ORDER DENYING DEFENDANT'S MOTION TO DISMISS PLAINTIFF'S FIRST AMENDED COMPLAINT (DOC. NO 23)
This matter is before the court on the motion to dismiss filed by defendant Northern California Fertility Medical Center on January 1, 2023. (Doc No. 23.) On March 22, 2023, the pending motion was taken under submission on the papers. (Doc. No 32.) For the reasons explained below, defendant's motion to dismiss will be denied.
On December 19, 2022, plaintiff Jane Doe filed her operative first amended complaint (“FAC”), alleging that defendant failed to safeguard her sensitive medical information from cybercriminals. (Doc.

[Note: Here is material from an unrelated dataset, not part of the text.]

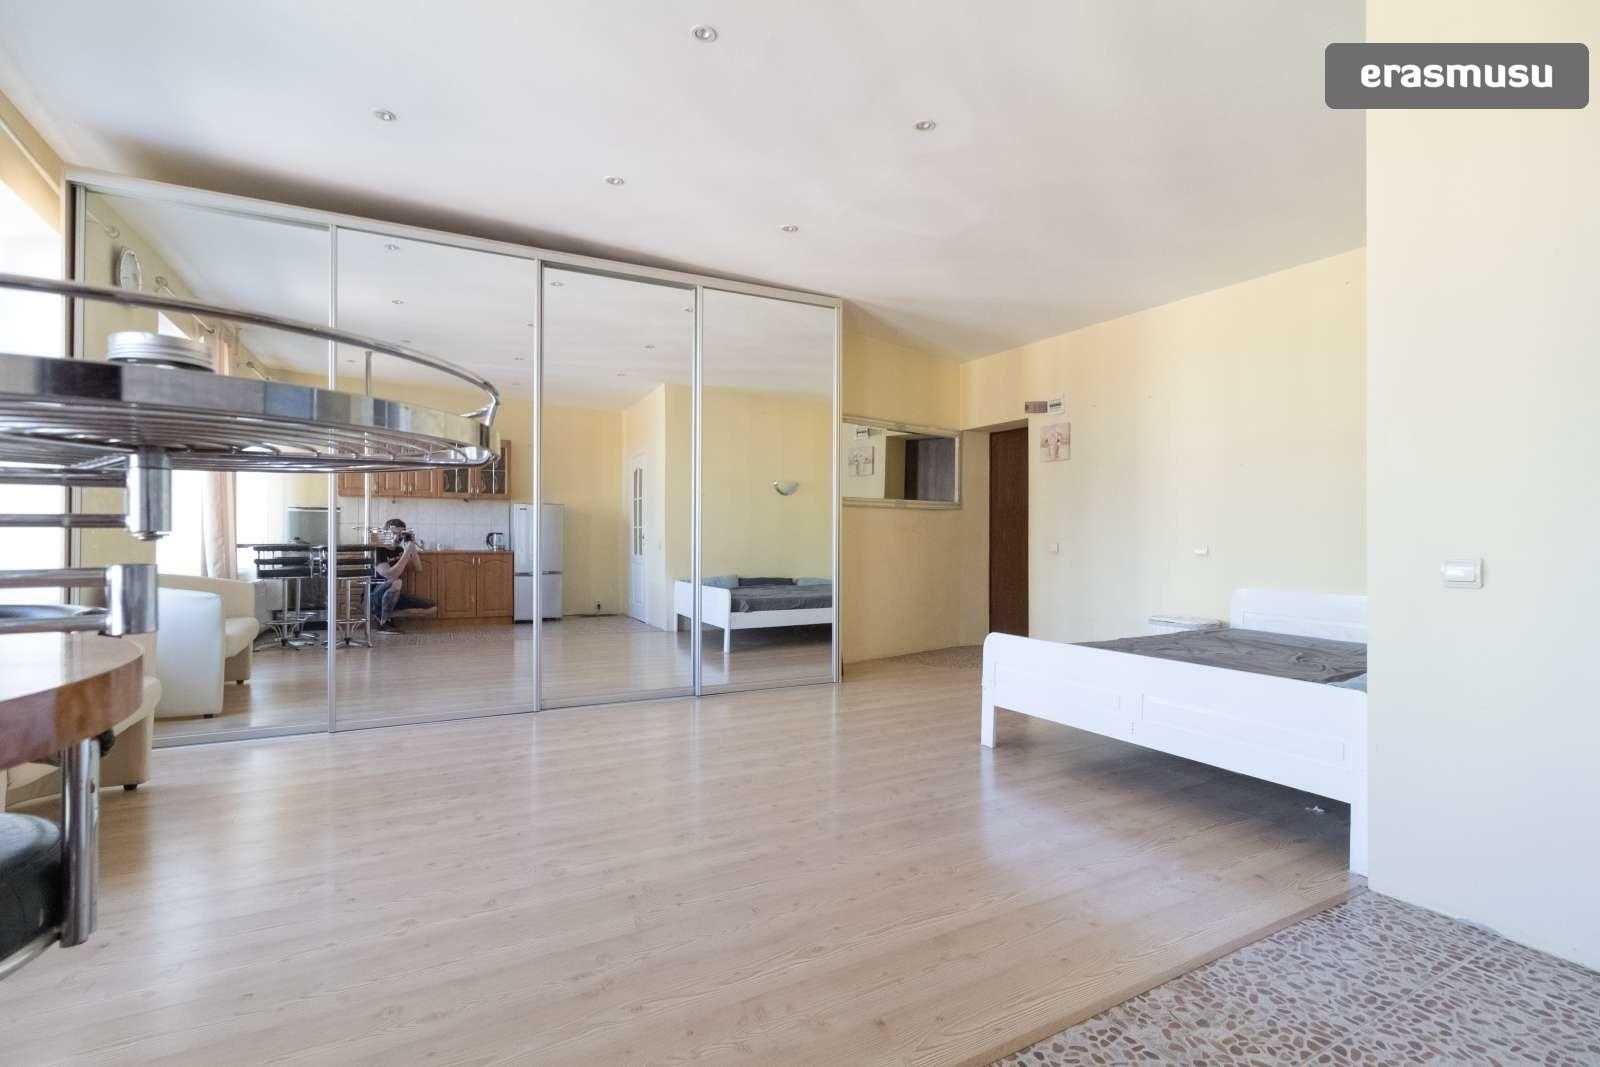 bright-studio-apartment-rent-centrs-5061df14d857467ced1c55ece161

No. 16.) In her FAC plaintiff alleges the following.
Defendant is a fertility clinic offering a full range of infertility services, including reversals of tubal ligations or vasectomies, ovulation induction, artificial insemination, in vitro fertilization (“IVF”), and IVF with egg donation and egg freezing. (Id. at ¶ 9.) As a healthcare provider, defendant creates, maintains, preserves, and stores highly sensitive information regarding its patients' fertility treatments. (Id. at ¶¶ 11-12.)

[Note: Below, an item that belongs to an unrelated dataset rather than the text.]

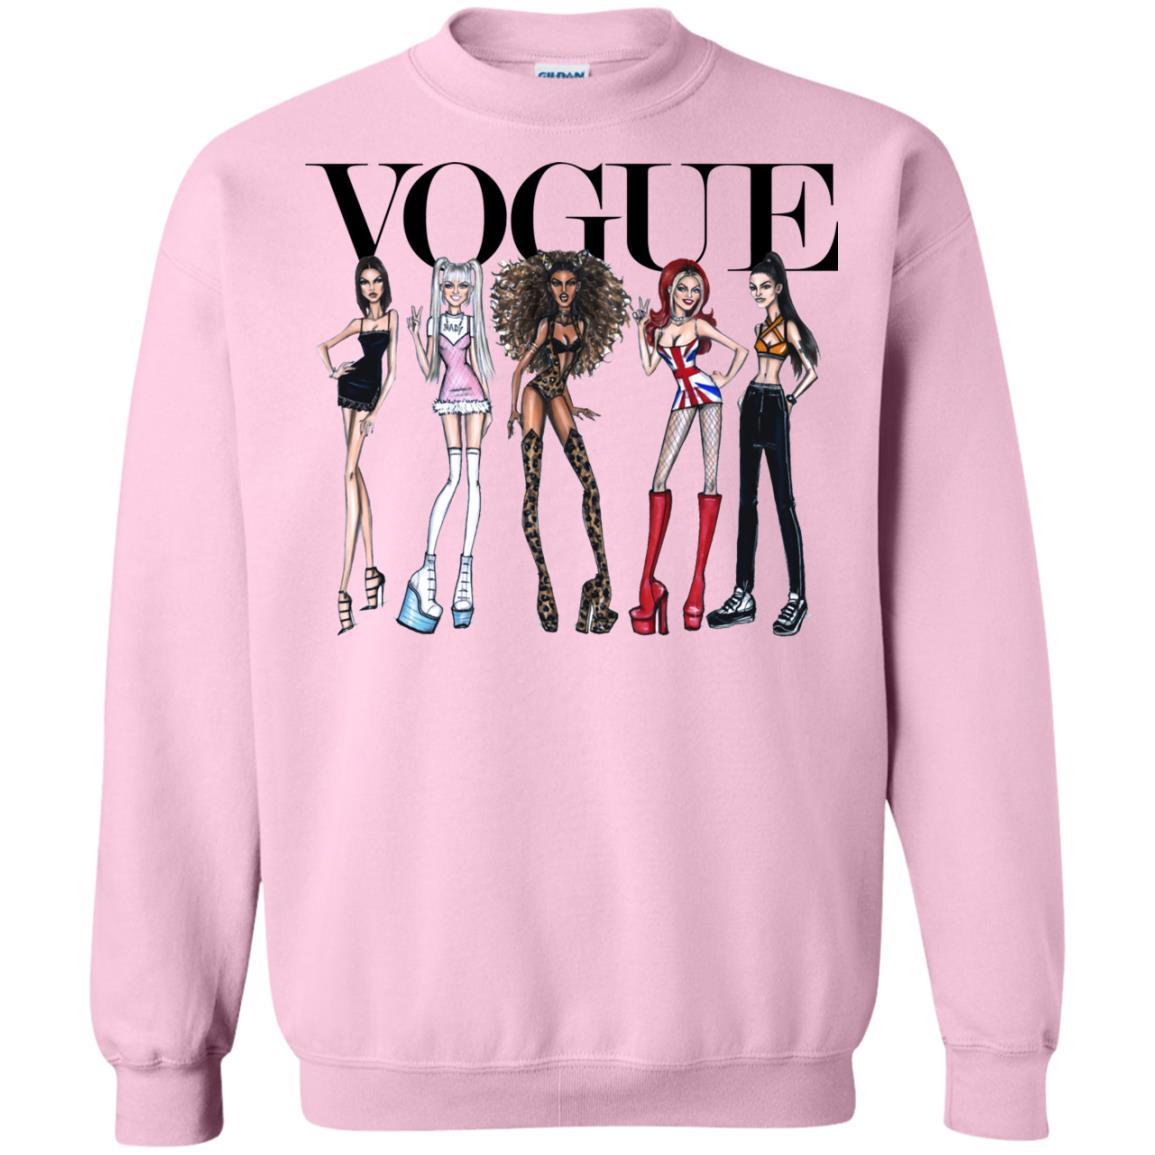 image 4435 - Spice Girls Vogue shirt, sweater

Plaintiff is a former patient of defendant's and paid defendant in exchange for fertility treatment. (Id. at ¶¶ 2, 81.) In order to receive this treatment, plaintiff was required to provide sensitive information to defendant and permit it to store that information in digital files. (Id. at ¶ 82.) Plaintiff believed that defendant would implement reasonable safeguards to keep her information secure. (Id. at ¶ 83.) Had plaintiff known defendant would fail to do so, she never would have contracted with defendant, let alone paid the full market price for defendant's services. (Id. at ¶ 84.) Concerned about the privacy of her information, plaintiff instructed defendant to delete her data and cease all contact with her in or around 2020. (Id. at ¶ 2.)
Given the type of data that defendant collected and stored, it was highly foreseeable that criminals would attempt to access defendant's servers. (Id. at ¶ 13.) Hackers are drawn to databases containing information with high value on secondary black markets, such as intimate and health-related data. (Id. at ¶ 14.) Indeed, the healthcare industry has faced more data breaches than any other industry, and data breaches are a well-known threat in the field. (Id. at ¶¶ 16-17.)
Despite this risk, defendant failed to adequately train its employees on basic cybersecurity protocols, including: password management and encryption protocols such as multi-factor authentication; locking, encrypting, and limiting access to files containing sensitive information; implementing guidelines for maintaining and communicating sensitive data; implementing protocols on how to request and respond to requests for the transfer of sensitive information; how to securely send sensitive information through a secure file transfer system to only known recipients; and providing cybersecurity training programs. (Id. at ¶ 26.) Instead, defendant continued to use outdated and insecure computer systems that are easily hacked. (Id. at ¶ 28.)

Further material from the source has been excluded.